Netflix India subscriptions are now a little cheaper as the streaming service tries to grow its user base in the face of increased competition from rivals Hotstar & Amazon Prime, both of which are priced a little lower.
Most of the plans have been reduced by Rs 50 per month, while the basic plan now costs Rs 199 per month rather than Rs 499, a considerable reduction of Rs 200. The popular plan has been cut to Rs 149 per month from Rs 199 per month, the standard plan has been decreased to Rs 499 per month from Rs 649 per month, and the premium plan has been reduced to Rs 649 per month from Rs 799 per month.
The timing of Netflix’s price cut, Dec. 14, looks to be purposeful, as it is the same day that Amazon Prime Video India raises its prices. Prime Video’s annual subscription fee has been raised by 50%, from INR999 to INR1,499. The monthly plan for Amazon Prime Video goes up from INR129 to INR179, while the quarterly plan is going up from INR329 to INR459. According to Reuters, this is the first time Netflix has reduced the price of its streaming service in India since it started in South Asian countries 5 years earlier. It made this decision because it now faces severe competition from local businesses that offer the same service.
Furthermore, according to one expert, Netflix’s decision to cut its costs results from the company’s attempts to expand outside of large areas. According to the same source, the American company must reduce costs and align prices with Mumbai’s financial capital to capture this market. This will also aid Netflix in taking on its major competitors head-on and gaining a competitive advantage.
According to Netflix, the price cut in India is the “true ‘Money Heist.” “The greatest theft in history,” the business declared in its announcement. On prime-time television, there was a bomb threat.
Furthermore, Monika Shergill, Netflix’s vice president of content, stated that by lowering prices and adding new material, Netflix hopes to establish itself as a service provider that cherishes customers and gives them their money’s worth.
Shergill told the Hindu Business Line, “India is a very important market—as Indians, we are entertainment enthusiasts.” “At Netflix, our goal is to provide the most value possible through our content and pricing.
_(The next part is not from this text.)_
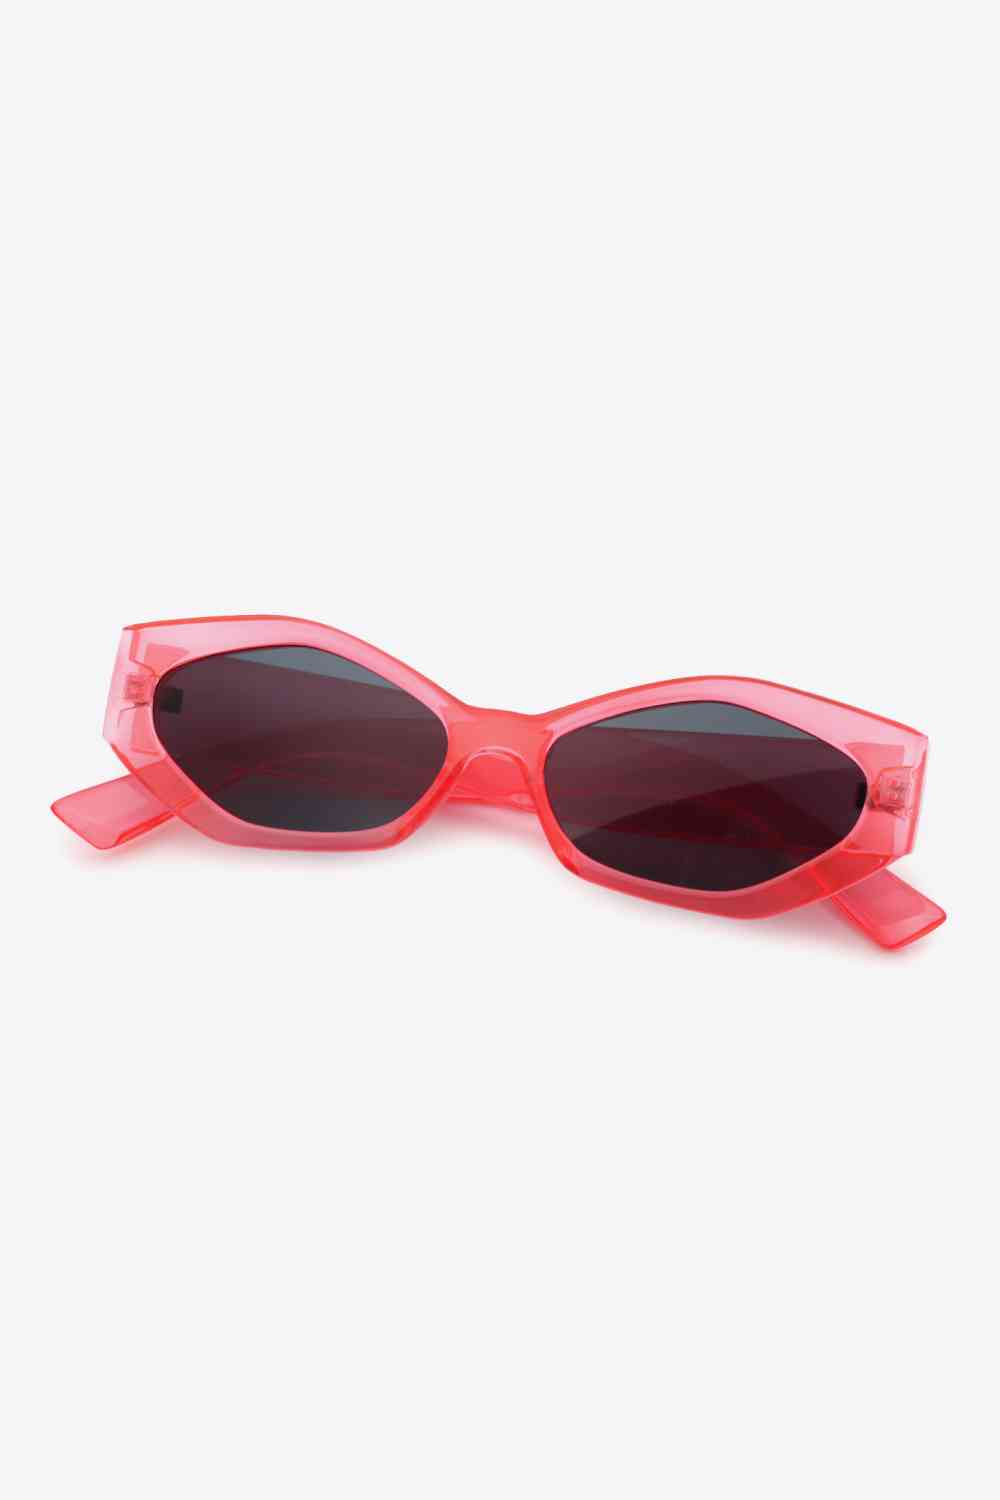 TEEK - Sautee Sis Sunglasses EYEGLASSES TEEK Trend

We don’t want to be known as a premium brand but rather as a brand that delivers quality storytelling as a brand and a service. We aim to be the go-to platform for storytelling and a valuable brand for individuals.”
The entertainment behemoth has failed to gain headway with India’s price-conscious consumers, representing the most lucrative international market for streaming services. According to Media Partners Asia, India will have one billion video screens by 2024 with 85 percent broadband penetration, compared to 46 million who subscribe to the Disney Hotstar platform & 19 million who subscribe to Amazon Prime Video.
Most of India’s streaming providers, like Google, Zee5, Apple TV+, Amazon Prime, and Disney, have also provided discount deals and memberships at prices substantially below those in other international markets. The latest round of pricing revisions is expected to strengthen that competition.
Conclusion:
Netflix, like its competitors, is commissioning and distributing more locally produced content in India. Already aided by growing smartphone usage in India, streaming platforms benefited from the pandemic, which kept people home for weeks and prompted movie theatres to close.
This isn’t the first time Netflix has lowered its fees in India. It cut subscription fees in half for clients who signed up for at least 3 months in 2019. However, it does not offer live sports, which are available on Amazon and Disney in India. Netflix’s two main competitors are also set to enter a competitive bidding war for the rights to broadcast the extremely popular Indian Premier League T-20 cricket event next year.